Pas toujours en fait. Car il y a eu des premières fois qui devaient se préparer. Ils ont tous les deux quarante ans et plus. Ce jour là c'était la première fois qu'ils se voyaient depuis le mois de juin. Le mois de septembre était là. Toujours l'été. Quanrante cinq minutes, peut-être une heure, c'est peu pour dire les choses. Alors les choses ne se disent pas. Ou alors qu'à demi-mot. Qui est-elle pour lui ? Qui est-il pour elle ? Il y a entre eux une forme de distance. Chacun retient ses mots. Chacun retient ses mains. En public, il en a toujours été ainsi pour eux. C'est un printemps fragile, elle peut disparaître en une petite brise d'air. Non, pas plus que cela. Il se connaissent pourtant depuis cinq ans. Ils ont baisé ensemble. Ils ont passé une nuit ensemble. C'était il y longtemps. S'aiment ils ? Pour lui, c'est facile de le ressentir, mais il ne le lui dira jamais, ou plutôt pas. Il se retiendra. Oh, il lui l'a bien écrit parfois… enfin… non, il ne le lui l'a jamais écrit si ouvertement.


Ce jour-là, elle s'est habillée avec une robe. Une robe aux tonalités noires, piquetée de couleurs ça et là. Tissée serait plus juste, les fils s'entremêlent, ils se croisent. Ce ne sont pas des fils d'une grande finesse, ils sont faits pour être touchés ces fils de laine ou de coton. Mais il n'en fera rien. Il restera au bout du banc. Il pourrait presque y avoir une personne entre eux deux, une toute petite personne. Oui, ce serait possible. Mais à la place, il y a son sac à elle. Un sac de cuir marron. Elle fume. Elle fume des roulées. Lui ne fume pas mais il aime bien respirer l'odeur de son tabac lorsqu'elle le consomme. L'odeur ne l'incommode pas. Il aurait même envie de la respirer plus encore. Est ce que c'est parce que c'est elle ? Ou est-ce parce que finalement, il doit être un peu passif. Il penche pour la première idée. Elle est évidemment plus belle cette idée-là.

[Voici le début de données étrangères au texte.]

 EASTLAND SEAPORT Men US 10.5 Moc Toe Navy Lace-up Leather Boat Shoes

Il y a de cela cinq ans maintenant, ils avaient pris le train ensemble. Un long trajet vers la capitale. Il était installé dans le train. Dans la partie haute de la voiture. Il l'a regardait dire au-revoir à son compagnon. Il les avait même suivis avant sur le quai. Ils étaient devant lui. Eux ne l'avaient pas vu. Lui, son compagnon à elle, était habillé avec un jean, des Van's sans doute et un hoodie. Oui c'est possible qu'il était habillé comme cela. Elle avait aussi un jean et un manteau serré à la taille, un manteau noir. Elle portait des bottes. De jolies bottes. Des bottes très belles, avec des lacets en ornement qui montaient sur le devant de la botte. Au pied un arrondi, un peu comme des rangers. Il s'en souvient de ces bottes, d'ailleurs ce sont ces bottes qu'elle porte ce midi pour leur rendez-vous méridien. Elle lui dira d'ailleurs que ce sont ces bottes. Mais il le savait que c'était là ces bottes.

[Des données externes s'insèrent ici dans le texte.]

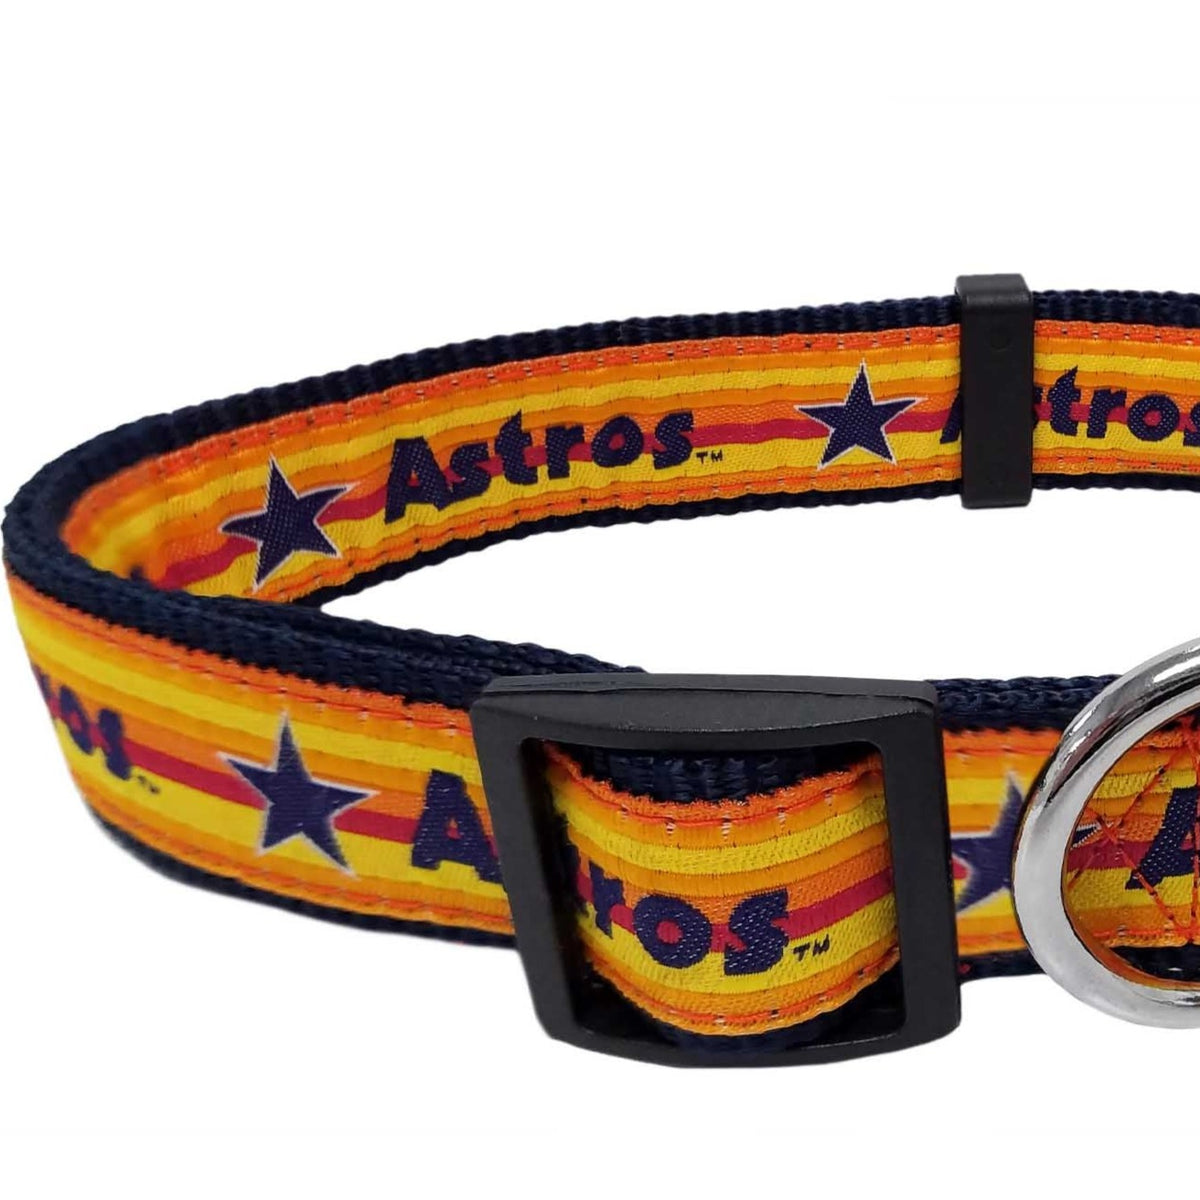 Houston Astros Orange Dog Harness Size S

Aujourd'hui, sa peau est ambrée. Elle a de beaux cheveux blonds. Ils partent un peu dans tous les sens et varient assez souvent au fil des années et des quelques rendez-vous qu'il aura eu avec elle. Il regarde le haut de sa cuisse. Il regarde la limite du tissu de sa robe sur sa peau. Il aurait envie de la caresser. S'il osait… oui, s'il osait ? Mais il n'osera pas. Pourtant, il sait. Enfin… non… il ne sait pas. Mais il a cru deviner. Lors de l'une de leur pause méridienne, elle lui dira que la tendresse lui manque beaucoup. Il croit se rappeler qu'elle a dit précisément "putain, mais merde ! Un peu de tendresse, merde !". Et lui cette tendresse il aimerait la lui offrir. Mais il ne l'a lui offrira pas. Peut être parce que c'est un printemps fragile et qu'à l'instant même où il aura posé sa main sur elle, elle disparaîtra aussitôt. Oui, peut-être. Mais peut être aussi. Parce qu'il sait aussi comme il fonctionne. Cette paralysie qui l'empêche parfois, ou peut-être même trop souvent d'être proche de ceux qu'il aimerait aimer plus ouvertement.

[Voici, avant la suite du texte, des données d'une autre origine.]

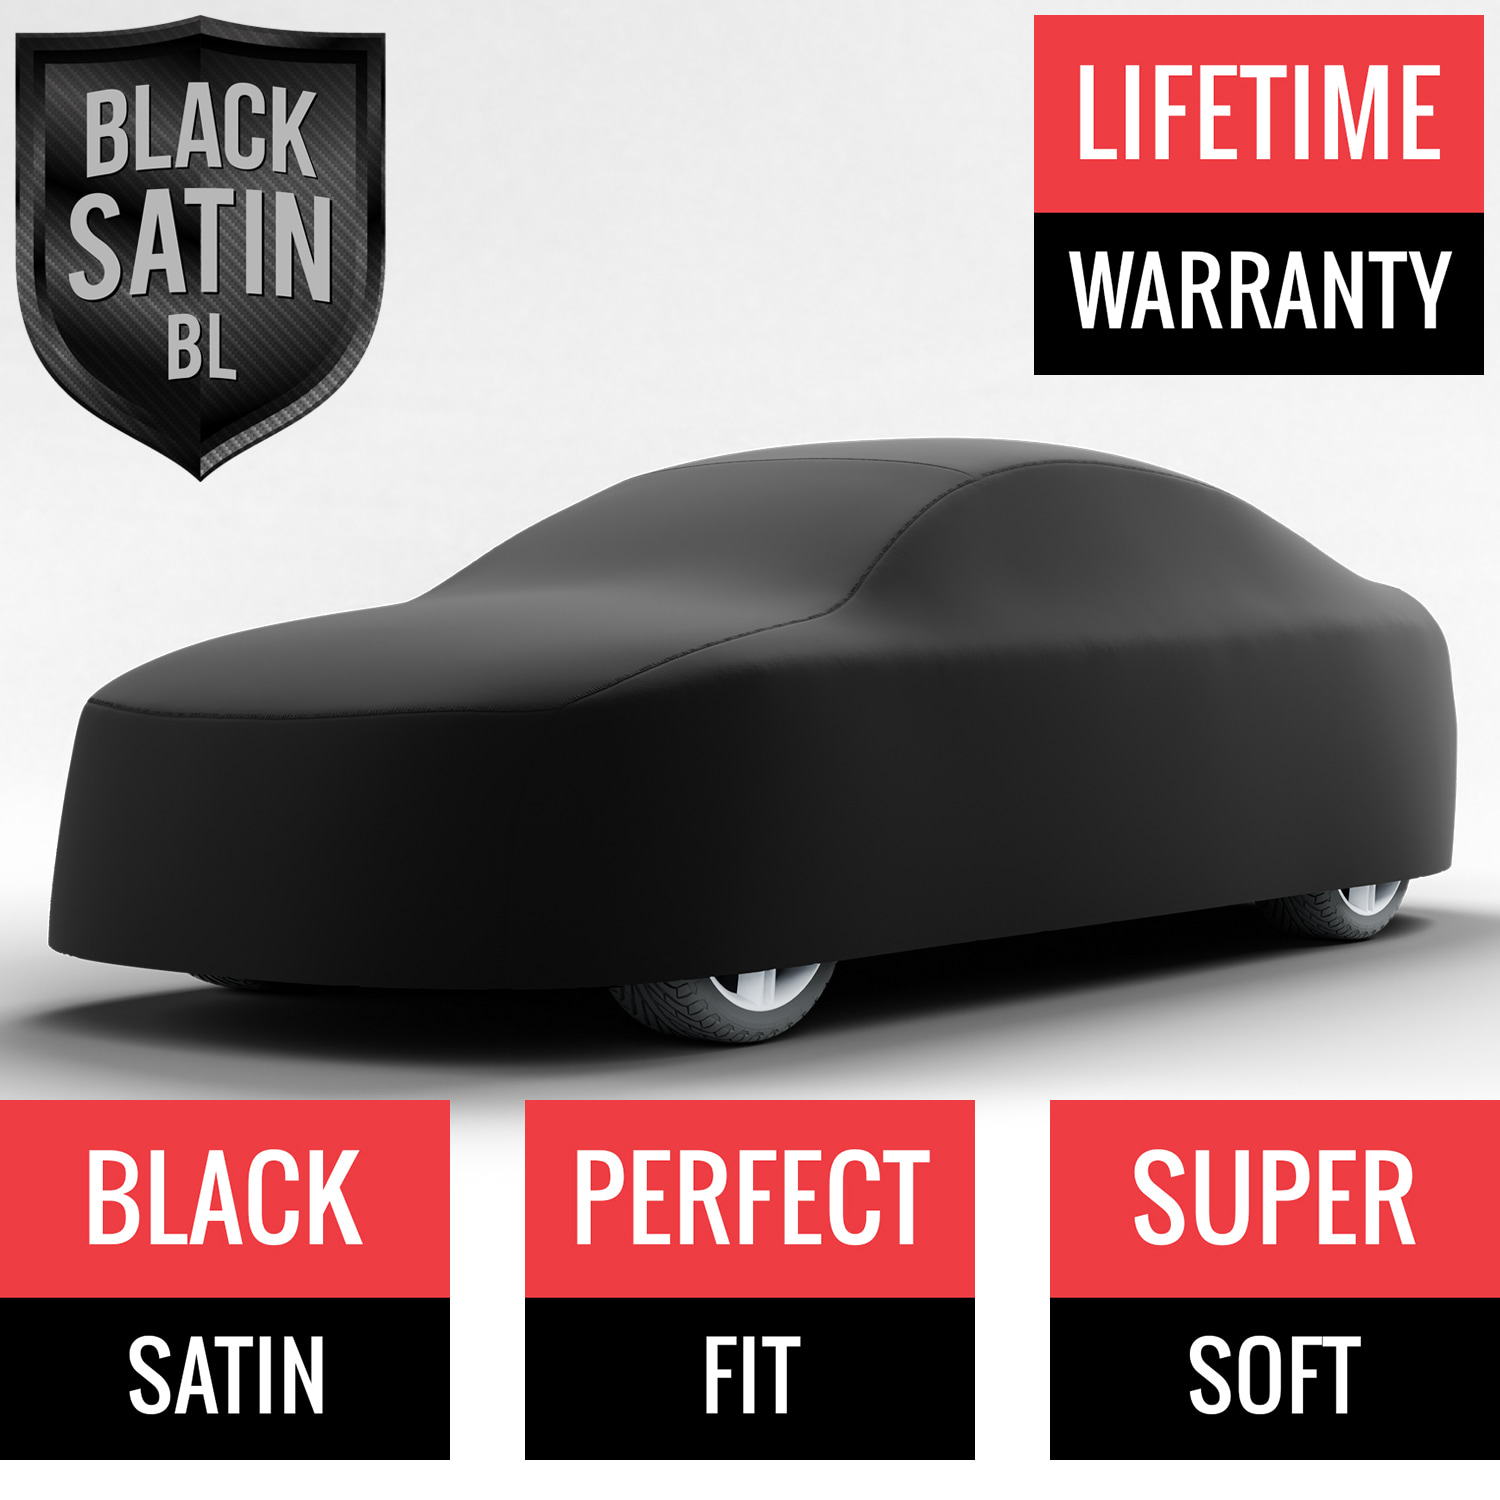 Black Satin BL - Black Car Cover for BMW 535i 2013 Sedan 4-Door

Ce jour-là, lorsqu'elle a accepté son invitation à partager un sandwich, il s'était dit qu'il se forcerait un peu plus. Pourtant il n'en fait rien. Il fait beau. Il fait doux. Ils sont bien là. Ils parlent de leurs enfants, de leurs vacances. Il prendra soin de prendre quelques nouvelles de sa maman qui a eu un mauvais accident quelques mois avant. Le temps passe vite et les voilà déjà à se diriger vers son bureau à elle. Pendant quelques mois, elle a travaillé proche de son bureau à lui. Il la croisait parfois à l'improviste, tandis qu'il était plongé dans ses pensées, en pleine tension professionnelle. Il perdait alors tous ses moyens, totalement déchiré par son incapacité à sortir de ces pensées-là pour profiter de cet instant. Alors devant les témoins de son travail à elle, lui n'avait qu'une envie c'était fuir, fuir devant tant de banalités, fuir devant son incapacité à la serrer dans ses bras alors que c'était sans doute là la seule chose à faire. Se réfugier dans ses bras. Peut être.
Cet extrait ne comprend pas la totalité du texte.